Public architecture preview of a production-minded async data pipeline for collecting, normalizing, analyzing, and exporting Dhaka Stock Exchange company fundamentals.
Repository status: public preview only. This repository intentionally shows the architecture, module boundaries, data flow, output structure, and capabilities of the project without publishing the production scraper implementation. The runnable source remains private to protect the work from unauthorized copying, republishing, and result exploitation.
The Dhaka Stock Exchange website exposes valuable company data, but the pages are not shaped like a clean API. Tables are nested, labels vary, values can move between sections, and missing fields are common.
The private implementation turns that messy public HTML into a structured Excel dataset for screening, research, and decision support. This public repository previews how the system is organized and what it can produce without exposing the extraction rules, parser selectors, scoring logic, or workbook-generation internals.
Included:
- Architecture and data-flow documentation
- Public interface skeletons for the main pipeline modules
- Workbook sheet and column previews
- Review guidance for portfolio, hiring, and client evaluation
- Security, license, and IP-protection notes
- Execution-flow diagram
Not included:
- Production scraping logic
- Live HTML selectors and parser rules
- Website-specific fallback handling
- Workbook scoring and formatting implementation
- Generated Excel files, logs, or market-analysis outputs
- Operational dependency pins for the private runtime
Running python main.py will intentionally exit with a preview-only message.

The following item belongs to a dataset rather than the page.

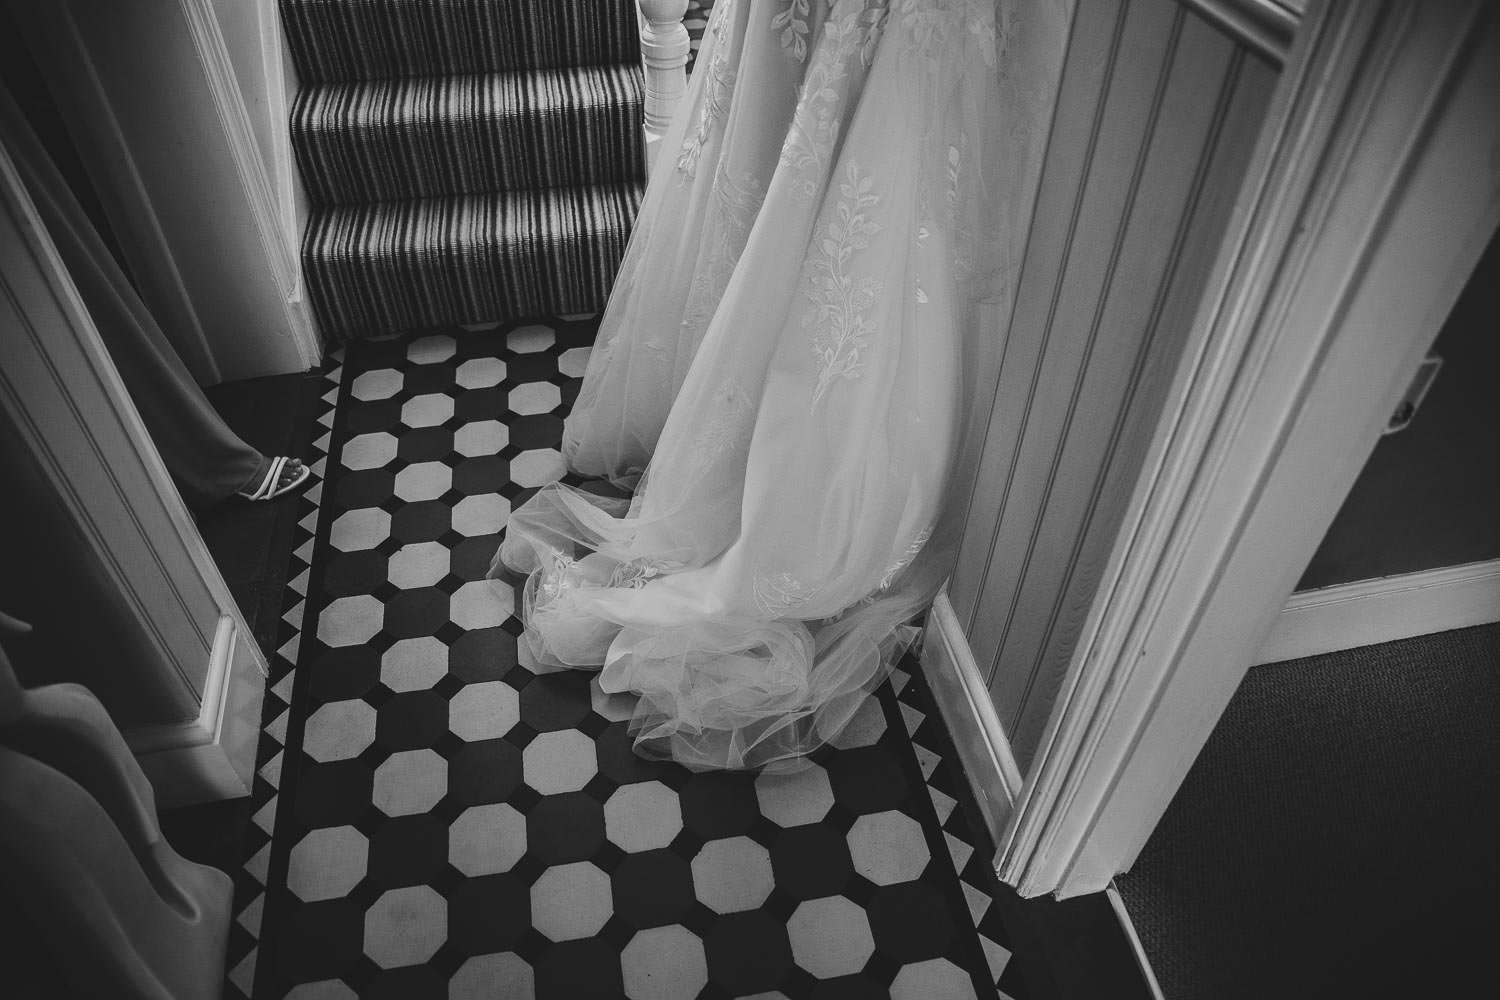 Wedding dress on art deco tiled floor at brides home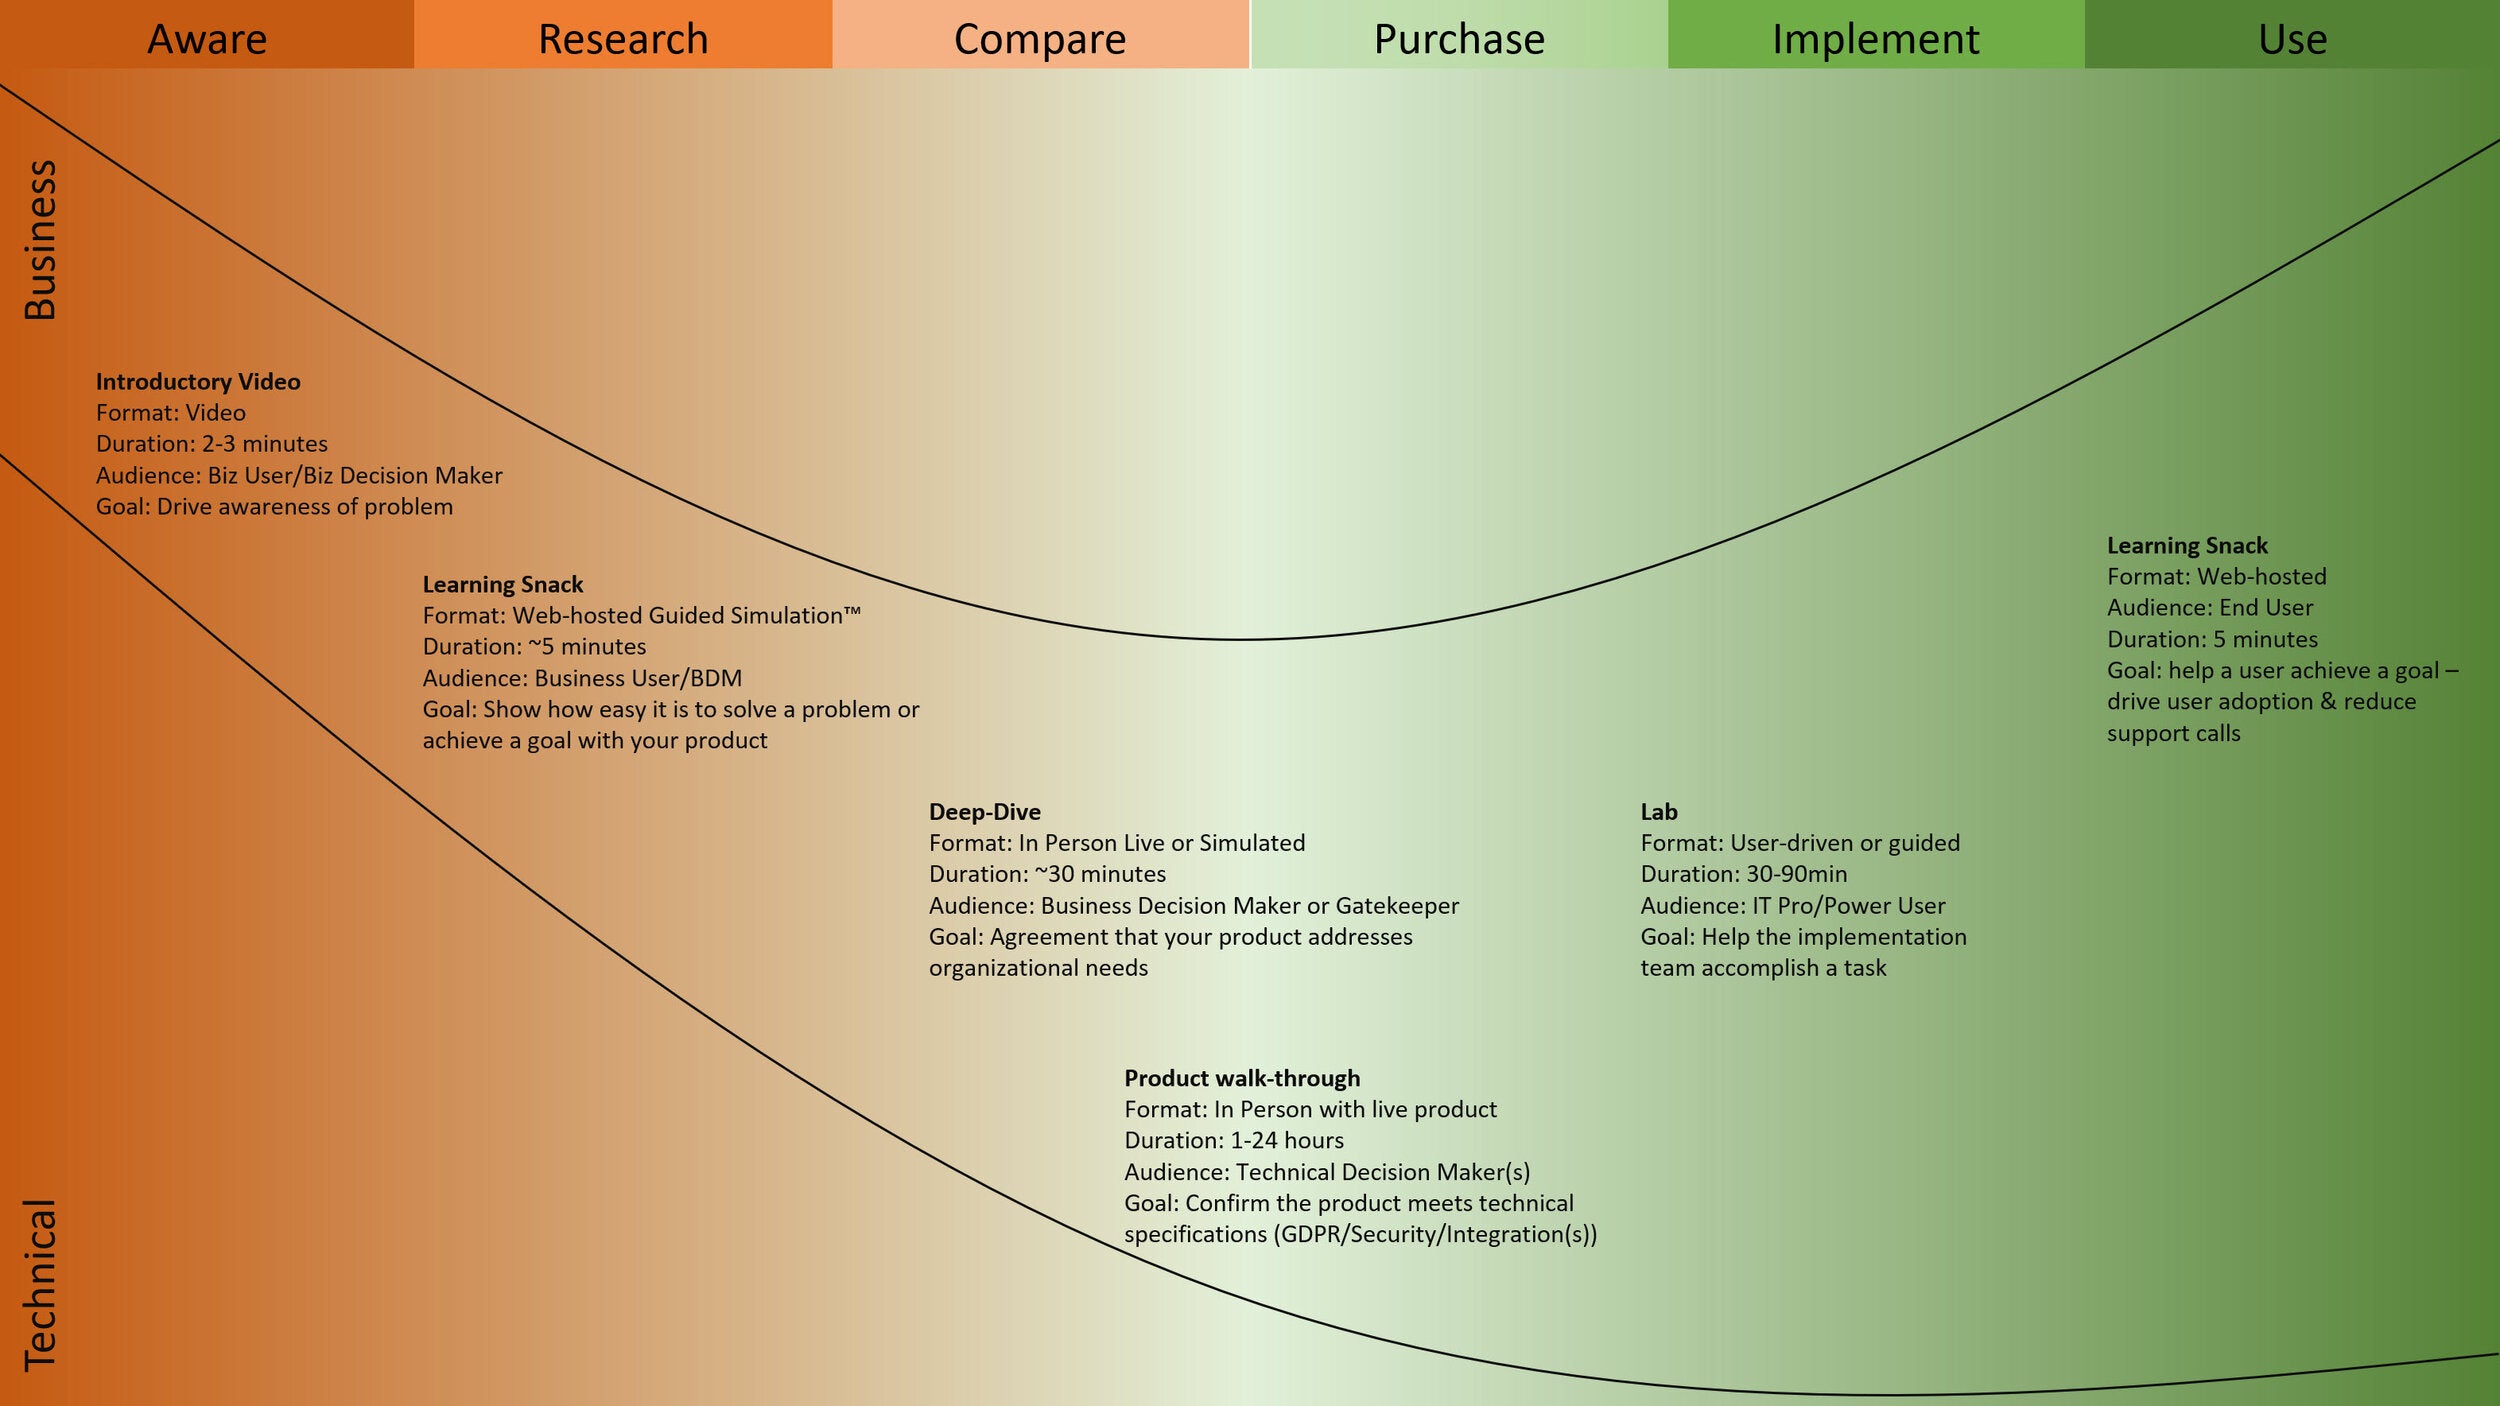 Figure 1 - The types of demos we’ve identified across a buyer’s journey

| Area | Private implementation capability |
|---|---|
| Async pipeline | asyncio orchestration with bounded sector and company concurrency |
| Adaptive throttling | Dynamic pacing and concurrency reduction after failures |
| Retry strategy | Request retries with jitter for transient failures |
| Sector discovery | Discovers tradable DSE sector links and skips non-equity-like groups |
| Company discovery | Collects company detail URLs per sector |
| Robust parsing | Combines table extraction, DOM traversal, regex, and fallback logic |
| Normalization | Converts inconsistent raw strings into clean numeric and text fields |
| Financial coverage | Market data, capital structure, debt, EPS, P/E, audited metrics, dividends, ownership |
| Analysis-ready export | Multi-sheet Excel workbook with raw data, processed analysis, sector summary, and watchlist |
| Data quality | Flags missing fields, outliers, and unreliable metrics before comparison |
| Automation | Private scheduled/manual workflow for market-day runs |
flowchart TD
A[main.py] --> B[Fetch sector links]
B --> C[Filter ignored sectors]
C --> D[Fetch company URLs per sector]
D --> E[Fetch company pages concurrently]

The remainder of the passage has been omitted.